Дома я первым долгом позвонил Марку Кесслеру. «Попытайся узнать от своего «источника», как звали девушку, чьи отпечатки пальцев были на юбке г-жи Шехтер. Мне кажется, что вскоре и я смогу предоставить тебе важную информацию».
Потом я позвонил (по мобильному телефону) Леониду Меламеду и снова попросил его прислать мне информацию об участниках проекта «Judaica Youth».
Утром, в редакции, я пошел было прямо в кабинет Татьяны, но наша юная секретарша Лена остановила меня: «У нее важные гости».
На пути к моей комнате меня перехватила Мэри. «По-моему, к ней пришел Ривлин, - сказала она. – Что бы это значило?».

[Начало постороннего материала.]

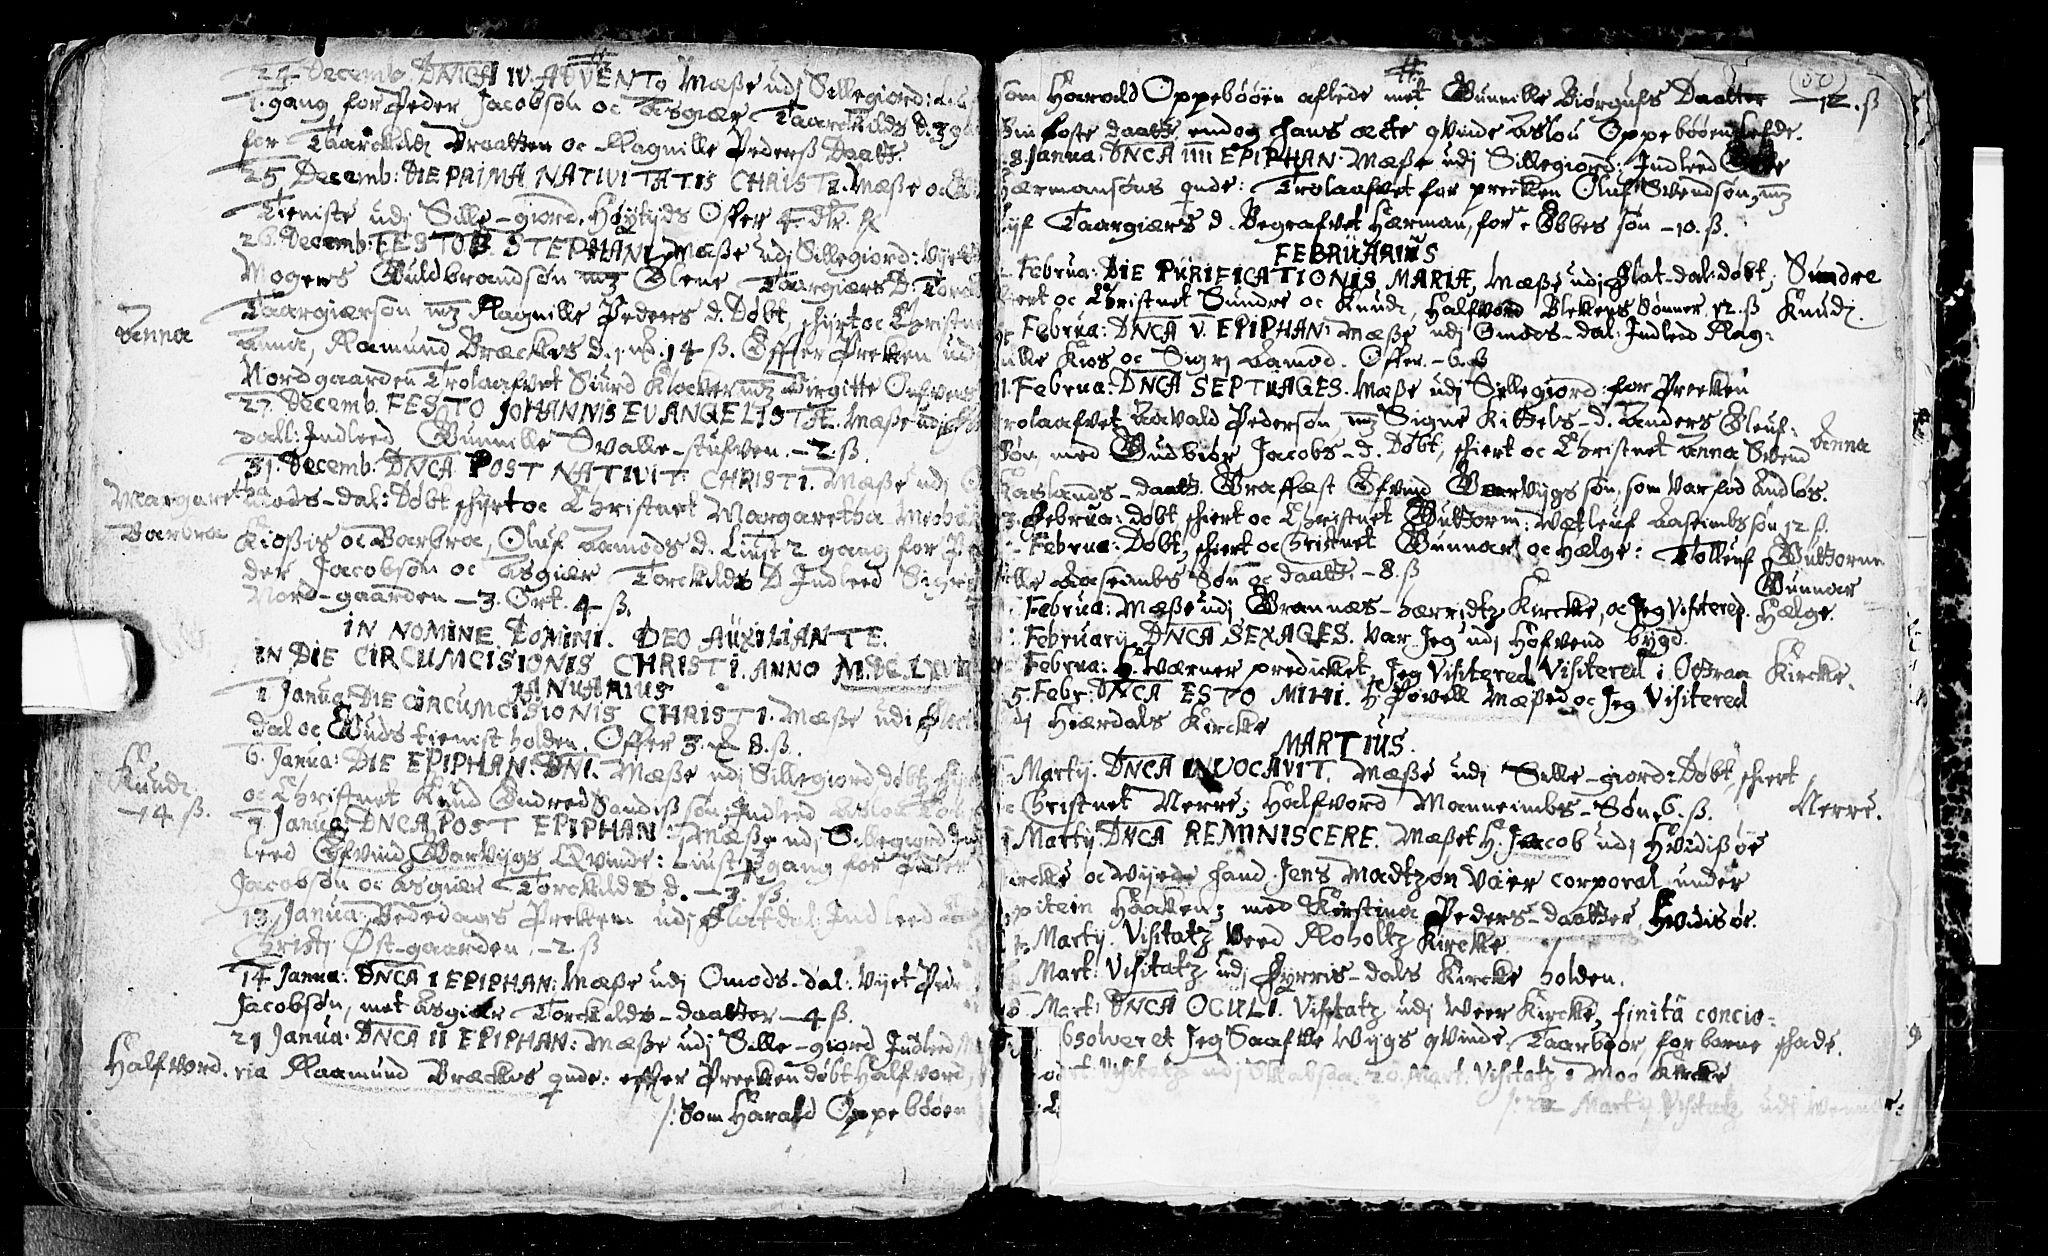 SAKO, Seljord kirkebøker, F/Fa/L0001: Ministerialbok nr. I 1, 1654-1686, s. 50

«Он опередил меня, - подумал я. – Опередил всего на несколько минут». Потом, глядя в испуганные глаза Мэри ответила: «Это значит, что нам с тобой придется уйти в подполье...»
Где-то через час дверь кабинета Татьяны отворилась и оттуда вышел сияющий Грэг Ривлин. За ним, как верный страж, следовал... «оборотень». При виде этого бандита в нашей редакции меня передернуло, но сам он, казалось, смотрел сквозь меня, будто такие мелкие сошки, как мы с Мэри, вообще не были для него людьми. Ривлин, напротив, подошел ко мне, тепло улыбаясь и, по своему обыкновению, заключил в объятия.
«Я на днях еду в Иерусалим на конференцию Международного союза русскоязычных сионистов, - как бы по секрету сообщил он мне. – Едут и многие другие лидеры нашей общины. А когда мы вернемся, я тебе расскажу много интересного. Кстати, Танечка тоже тебе скажет что-то важное. А это – мой помощник Геннадий Рубин. Прошу любить и жаловать...»
«Опередили меня, негодяи», - снова подумал я, чувствуя, что обречен на поражение...
Через десять минут Татьяна позвала меня к себе. От нее веяло холодом, как от снежной королевы. «Я не могу тебе рассказать все, что мне сообщил Ривлин, - ледяным тоном заявила она. – Скажу только, что он что-то знает о деле Элины. Он просит нас подождать до окончания съезда «сионистов» в Иерусалиме и до окончания здесь, в Нью-Йорке, выборов в горсовет. Наверное, он или Юджин Шехтер хотят снова попытать счастья. После этого Ривлин готов нам помочь».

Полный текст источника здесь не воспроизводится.